Aisling McDevitt, for Tesco, argued it was “clear that the complainant had placed the €20 note in his pocket”. Mr Kavanagh said this allegation was contradicted by CCTV footage that he only saw played for the first time when his case was heard.
Mr Kavanagh told the tribunal he had accepted that he “misplaced” the banknote and had offered to pay it back “on that first day and ever since”.
He said things were busy, he had receipts in his hand at the time along with the banknote, and had been engaged talking to a customer.
A store manager who acted as disciplinary officer said in his evidence that video footage “showed the complainant taking the €20 out, holding on to it, and putting it in his pocket and removing his hand”.
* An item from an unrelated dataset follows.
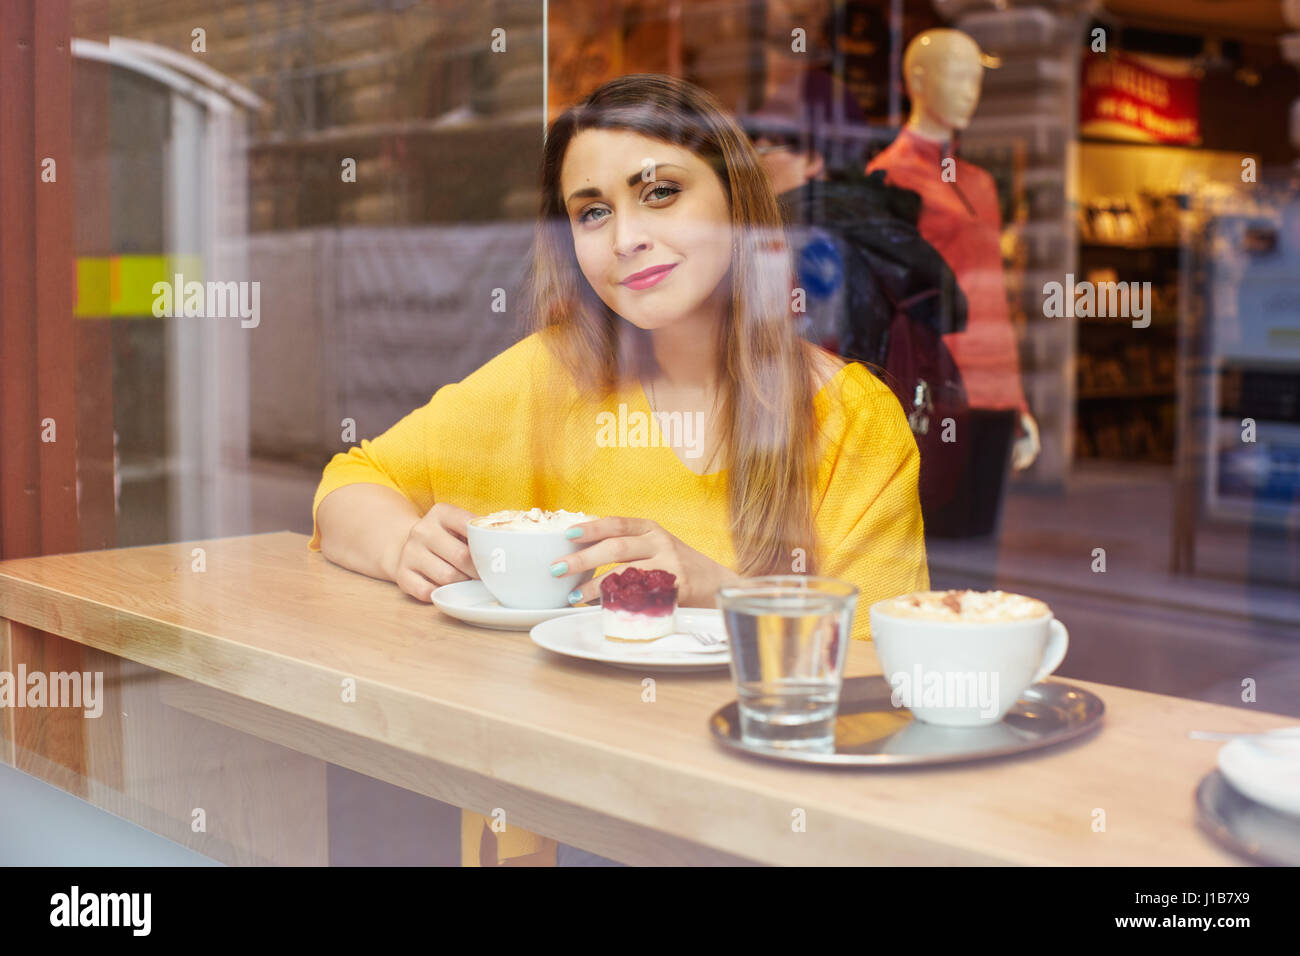 Junge, lächelnde Frau in leuchtendem Gelb Bluse im Café sitzen und schaut durch ein Fenster. Stockfoto

However, under cross-examination, the manager accepted that five minutes passed on the CCTV footage between the money being in the machine and Mr Kavanagh’s hand going into his pocket.
In her decision, adjudication officer Gráinne Quinn wrote that the company had made a reasonable “primary finding” that Mr Kavanagh “did not place the money where he should have” – based on the worker’s own “voluntary” admission.
“During the investigation, the bins where the money may have gone [were] never searched,” Ms Quinn wrote, awarding Mr Kavanagh €12,000 for unfair dismissal.